3.6 Drugs targeting high-ranked proteins were more likely to be associated with ADR

In order to quantitatively evaluate how reliable and useful the predicted ADR–protein relations are, we analyzed how often an ADR occurs in drugs targeting specific proteins. Obviously, drugs targeting ADR-related proteins should cause the related ADR more frequently than other drugs do. Such tendency can be measured with VAPPV and LR which are widely used metrics in clinical diagnosis (Grimes and Schulz, 2005; Kuhn and Johnson, 2013). To confirm the effectiveness of these metrics for evaluating the predicted ADR–protein relations, we calculated them on benchmark datasets and found that the average of VAPPV and LR were higher than the baseline (0 for VAPPV; 1 for LR) (Fig. 6A and B).

Fig. 6.

Fig. 6.

Evaluation of predicted ADR-related proteins using drug–target information. (A, B) Bar plots showing the average of VAPPV and LR of ADR–protein relations in each dataset. (C, D) Bar plots showing the average of VAPPV and LR of the top 50 predictive proteins for common ADRs. The error bar indicates the 95% confidence interval of the average

After confirming that both metrics characterize known ADR–protein relations, we calculated the representative VAPPV and LR by averaging the top 50 predictive proteins for each ADR. Then, we compared the prediction result with that from INPADR suggested by (Chen et al., 2016b). To the best of our knowledge, INPADR is the only previously proposed large-scale ADR-related protein prediction method that can prioritize around 1000 proteins for more than 4000 ADRs. For a fair comparison, ADRs used in both LAPINE and INPADR were selectively considered for analysis. As a result, we could see that the top 50 predictive proteins predicted by LAPINE showed significantly higher VAPPV and LR (VAPPV = 0.12, LR = 8.20) compared to those predicted INPADR (t-test, P < 0.001) (Fig. 6C and D). Interestingly, the performance of the prediction model for calculating ADR–protein relation scores affected VAPPV and LR of the top 50 predictive proteins of the corresponding ADR. Specifically, VAPPV and LR of ADRs with high predictive performance (AUROC > 0.7) were significantly higher than those of ADRs that did not (t-test, P < 0.001) (Supplementary Fig. S5). The verification with the known ADR–drug–protein relationships thus illustrates that the prediction results of LAPINE are more reliable than those of the previous study.
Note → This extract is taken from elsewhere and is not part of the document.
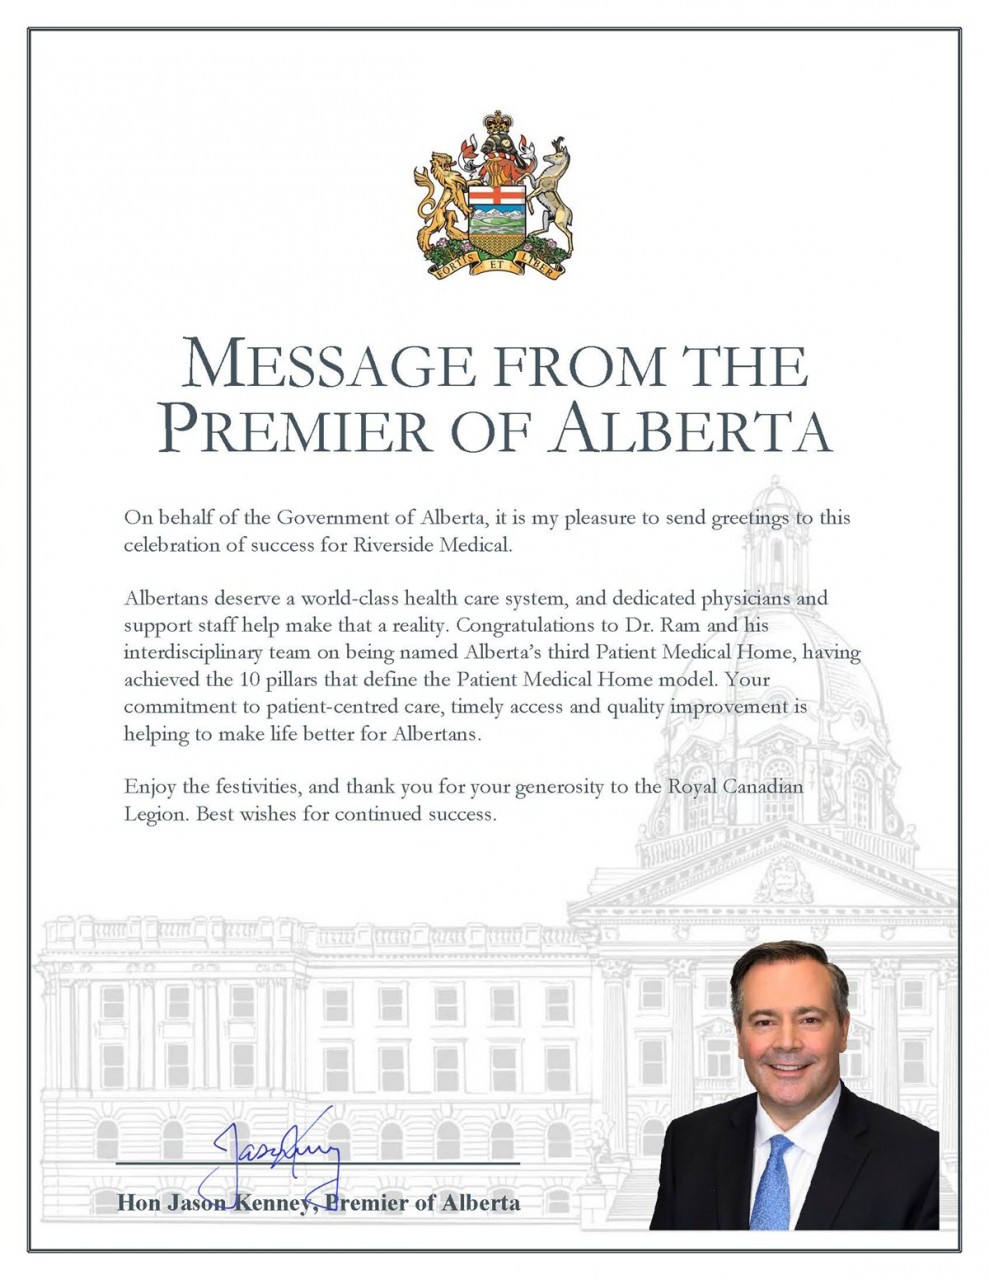 Riverside_Medical_Message_from_the_Premier_of_Alberta

3.7 Literature evidence supports high ranked proteins and their enriched KEGG pathways

To further evaluate potential ADR-related proteins predicted by LAPINE, including those that are not known targets, literature-based investigations were performed on the ten highest-ranked proteins. We selected two ADRs that seriously affect patient health for the case study: bradycardia and epilepsy (Chen et al., 2016a; Ovsyshcher and Barold, 2004). In the investigation, all of the top ten predictive proteins for bradycardia and epilepsy were supported by literature evidence. Among them, five predictive proteins for bradycardia and six predictive proteins for epilepsy were confirmed to have a direct causal relation with each ADR (Table 2, Supplementary Table S3). For example, HTR3A, HTR3B and HTR3E are genes that encode proteins for monoamine serotonin (5-HT) receptor subunits. It has been reported that 5-HT receptor stimulation could potentially cause bradycardia. As another example, the overexpression of the Major Vault Protein (MVP) gene was reported in the brain tissues of patients with refractory partial epilepsy, subsequent focal epilepsies after ganglioglioma, and frontal lobe epilepsy.

Table 2.

Top 10 predictive proteins for Bradycardia

Rank Symbol VAPPV LR Evidence
1 LYNX1 N/A N/A Kessler et al. (2017)
2 HTR3E N/A N/A
3 HTR3A 0.307 3.65 Jeggo et al. (2005)
5 HTR3B 0.433 6.39
4 ADRB1 0.274 3.19 Kelley et al., (2018) and Gao et al. (2019)
6 CHRNE 0.385 5.11
8 CHRNA5 0.318 3.83 Riese et al. (2014) and Picciotto and Kenny (2013)
10 CHRNA3 0.218 2.55
7 REN 0.175 2.15 Poirier and Tobe (2014)
9 CYP2D6 0.273 3.18 Meloche et al. (2020) and Sharp et al. (2009)

Note: Proteins in bold have direct causal evidence for ADR.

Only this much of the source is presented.